De 12 a 17 de junho, Havana, a capital da República de Cuba, recebeu um destacamento da marinha russa, que foi recepcionado com 21 tiros de canhão à entrada do porto. Nos dias seguintes, 13 e 14 de junho, em Borgo Egnazia, Itália, foi realizada a última reunião do G7, que reúne os Estados Unidos e os seus principais aliados. A Rússia não é membro do antigo G8, atualmente G7, desde 2014. No entanto, a Rússia foi amplamente discutida em Borgo Egnazia, na presença de vários governos latino-americanos. O mesmo aconteceu na Suíça, em Bürgenstock, 24 horas depois. E em 15 e 16 de junho, um fórum de potências ocidentais e similares foi reunido para discutir a Ucrânia e, mais uma vez, a Rússia. Novamente com o presidente de Kiev, mas sem o seu homólogo de Moscou, e novamente na presença de convidados latino-americanos.

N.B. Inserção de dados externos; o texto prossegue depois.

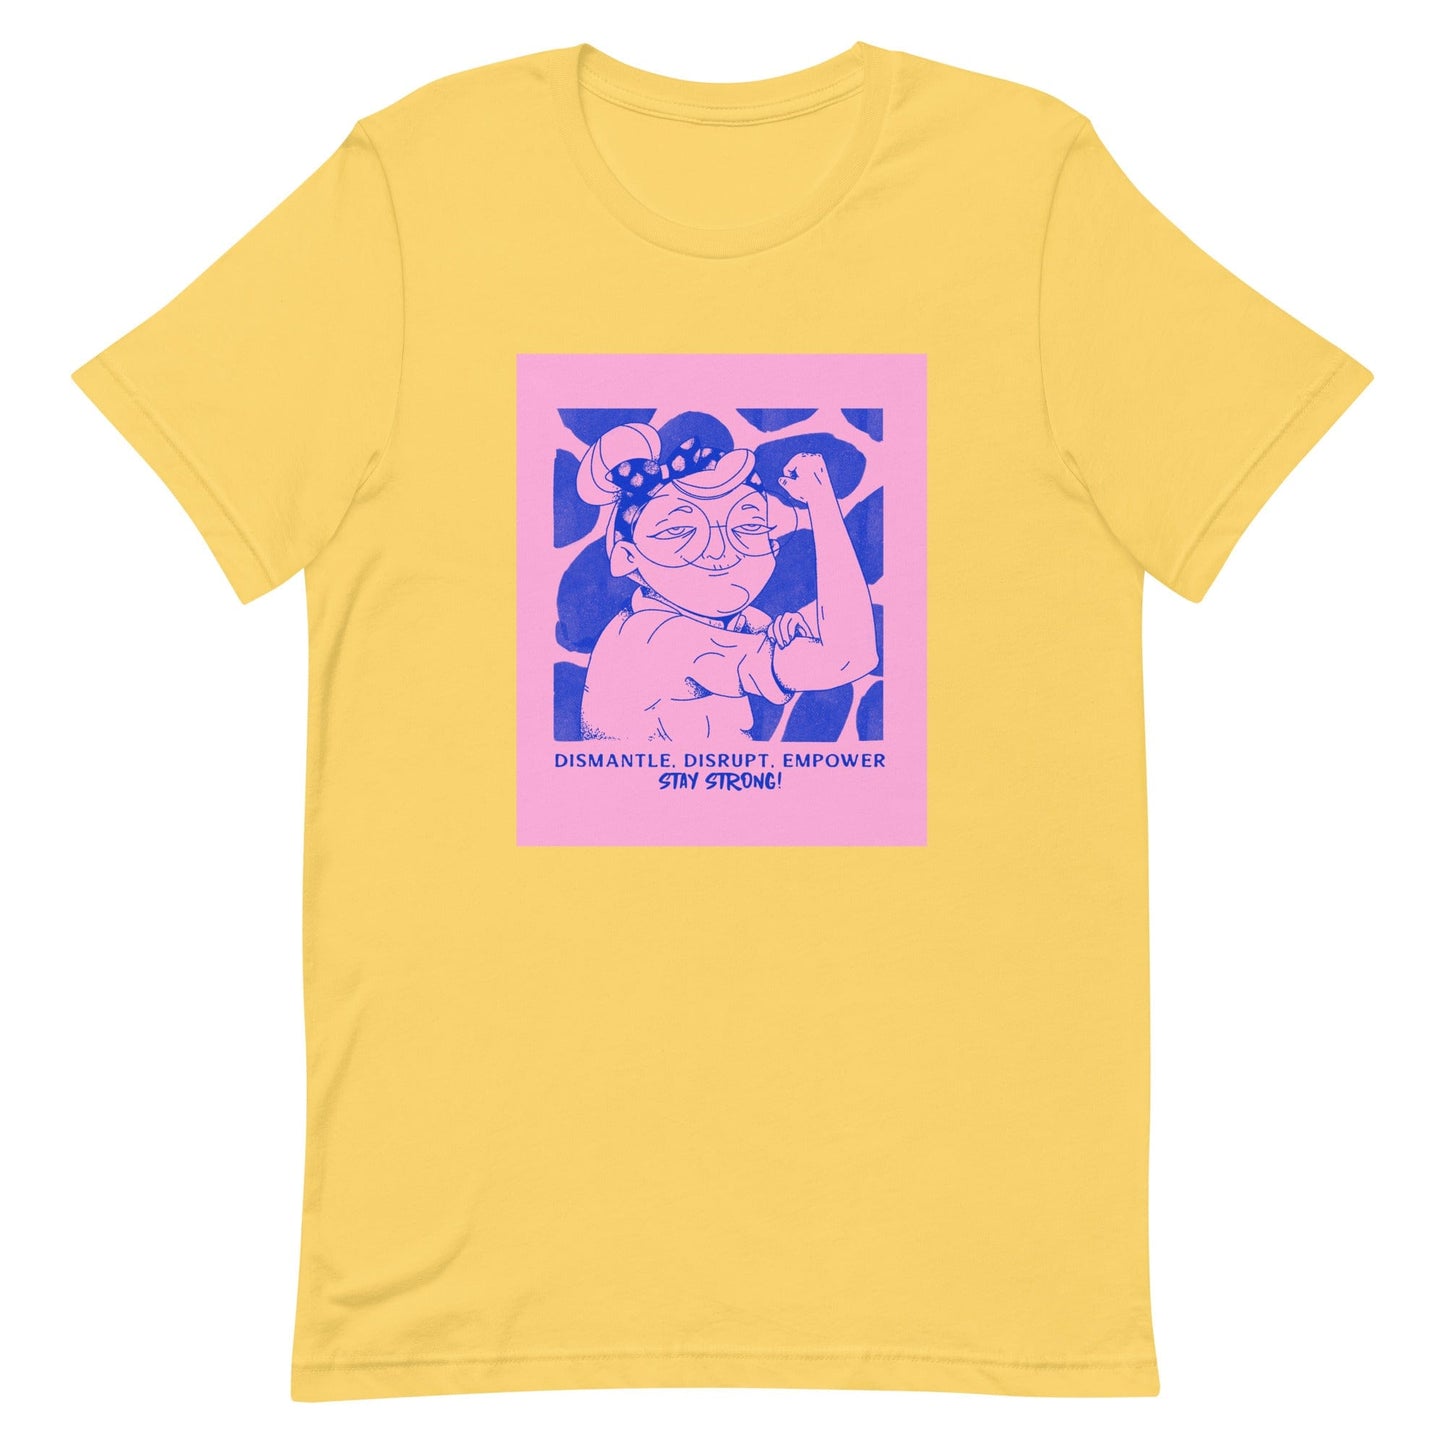 stay-strong-feminist-tshirt-yellow-apparel-at-feminist-define-front

Só a coincidência do calendário é oficialmente responsável por estes acontecimentos. O primeiro por ordem cronológica, o do ancoradouro em Havana de quatro navios da frota militar do norte do Kremlin, segundo o comunicado de imprensa oficial, que “reflete a história das relações de amizade” entre Cuba e Rússia. O comunicado de imprensa cubano esclarece ainda que os marinheiros russos “visitarão locais de interesse histórico e cultural”. Em conformidade com os compromissos assumidos pelas potências nucleares signatárias do Tratado de Tlatelolco, os quatro navios não transportam qualquer sistema de lançamento atômico. Apesar de um deles, o Kazan, ser um submarino, normalmente equipado com este tipo de arma. E outro, a fragata Admiral Gorshkov, está equipado com mísseis de alta precisão, conhecidos como Zircon, com um alcance de 1000 quilômetros.

O mesmo se passa na região italiana da Apúlia e nos Alpes suíços. Ou seja, nada a assinalar. “O Grupo dos Sete”, diz o comunicado final da Cúpula, “reafirmou a sua unidade e determinação para enfrentar os desafios mundiais num momento crucial da história”. “Depois de ter se recusado a fazê-lo”, e de ter enviado “um sinal claro à Rússia”, “nós”, continua o texto, “damos as boas-vindas aos representantes” de uma dezena de países fora da zona de decisão, enumerados por ordem alfabética. A Argentina e o Brasil, Milei e Lula, estavam entre eles. E oito outros chefes de Estado e de governo latino-americanos.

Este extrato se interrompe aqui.